WikiAPI ReferenceCoreRequests

You can’t visualize data if you can’t access it! Fortunately, there are many ways to get data into the browser. For small datasets, you might hardcode the data in your script, or embed data in the DOM using data attributes. For larger datasets, you could load an external script that defines your data as a global variable. (JSONP is a common example of this.) But, the most versatile way of loading data into the browser is using an XMLHttpRequest, or XHR. This allows data to be loaded asynchronously (so the rest of the page can display while data is loading), and is safer than JSONP. D3’s xhr module simplifies loading and parsing data.

When loading data asynchronously, code that depends on the loaded data should generally exist within the callback function.
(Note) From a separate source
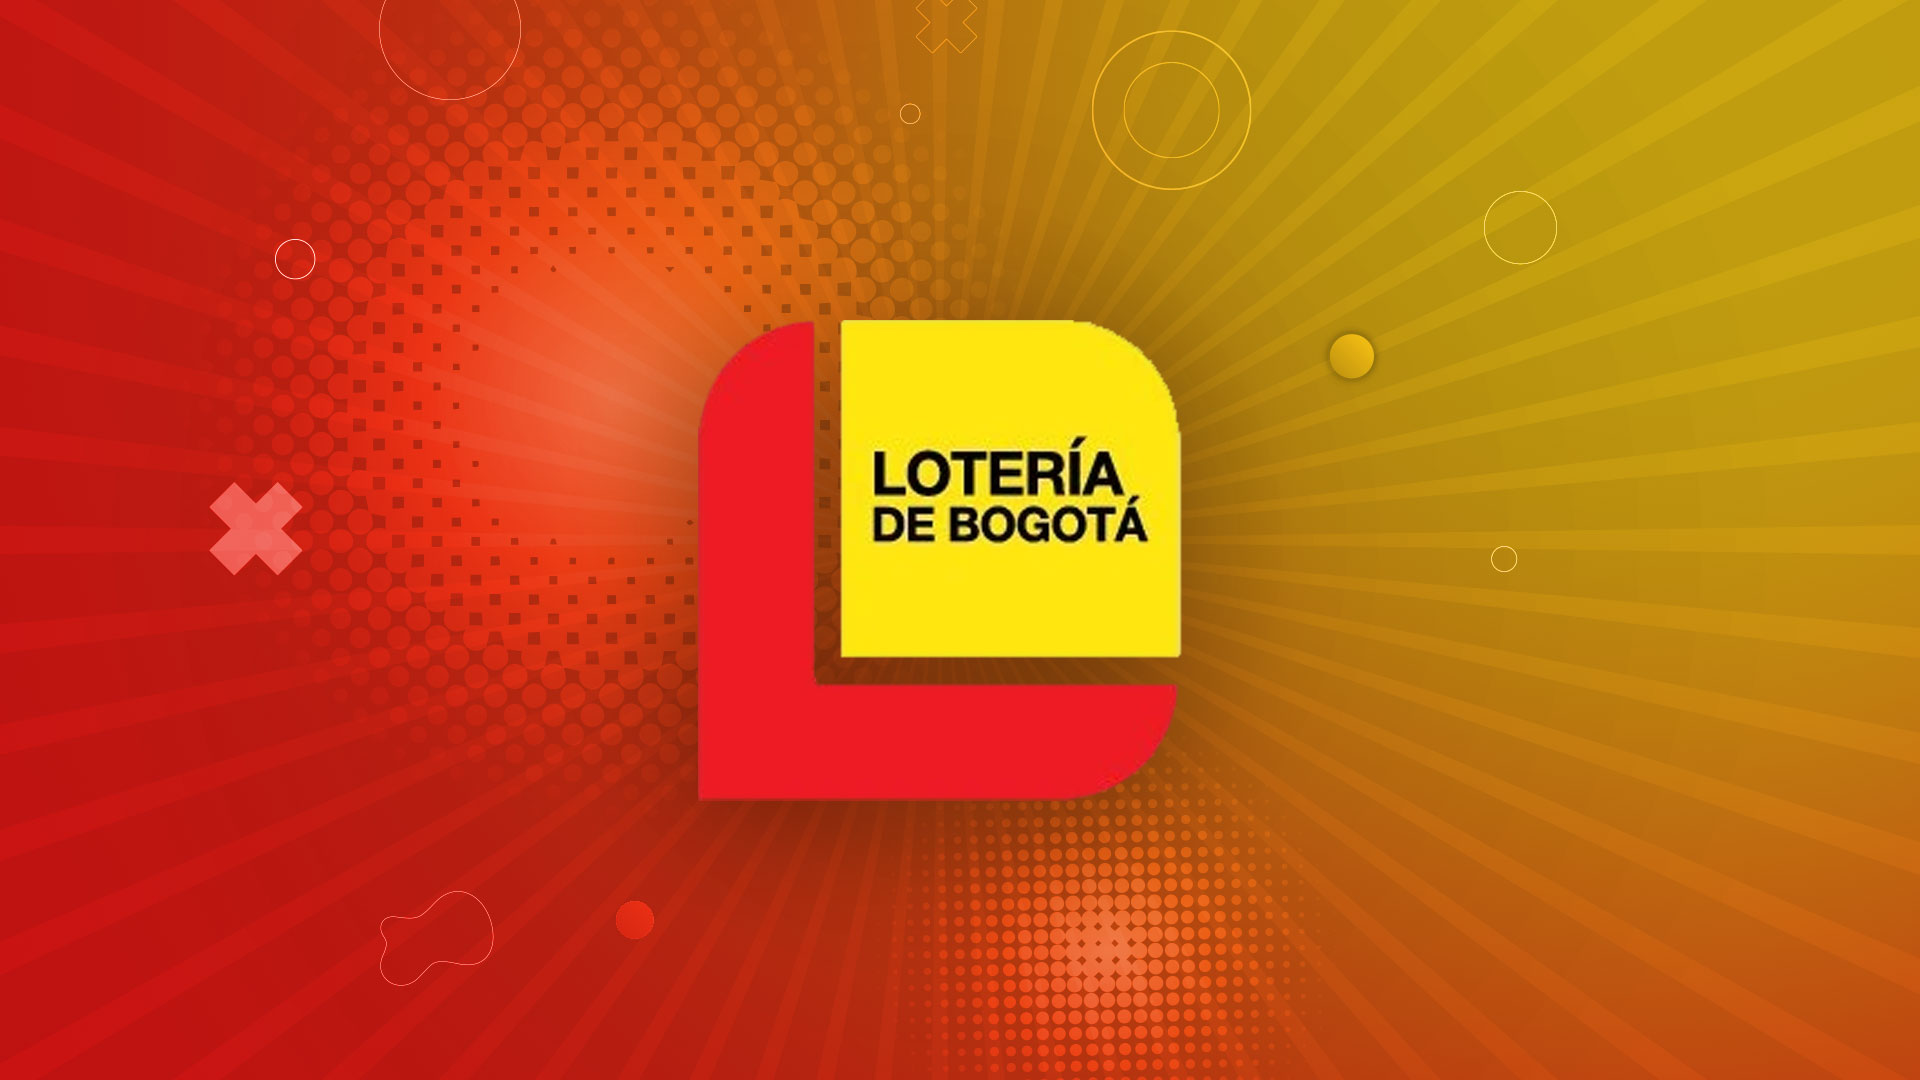 La Lotería de Bogotá lleva a cabo un sorteo a la semana, todos los jueves (Infobae/Jovani Pérez)

For example, see the calendar visualization on the D3 website. Code that doesn't depend on data can run immediately when the page loads. Also, you may find it convenient to save loaded data to the global namespace, so that you can access it after the initial render, such as during a transition. You can do this using closures, or simply assign the loaded data to a global:

var data; // a global

d3.json("path/to/file.json", function(error, json) {
  if (error) return console.warn(error);
  data = json;
  visualizeit();
});

By default, most browsers do not allow cross-domain requests. To enable cross-domain requests, have the server set the header Access-Control-Allow-Origin: *. For more details, see the W3C recommendation on Cross-Origin Resource Sharing. For IE9, d3.xhr uses the nonstandard XDomainRequest for cross-domain requests.

XHR

# d3.xhr(url[, mimeType][, callback])

Creates an asynchronous request for specified url. An optional mime type may be specified as the second argument, such as "text/plain". If a callback is specified, the request is immediately issued with the GET method and the callback is invoked asynchronously when the resource is loaded or the request fails; the callback is invoked with two arguments: the error, if any, and the XMLHttpRequest object representing the response. The response is undefined if an error occurs. If the response has an unsuccessful status code, the error is the XMLHttpRequest object. If no callback is specified, the returned request can be issued using xhr.get, xhr.post or similar, and handled using xhr.on.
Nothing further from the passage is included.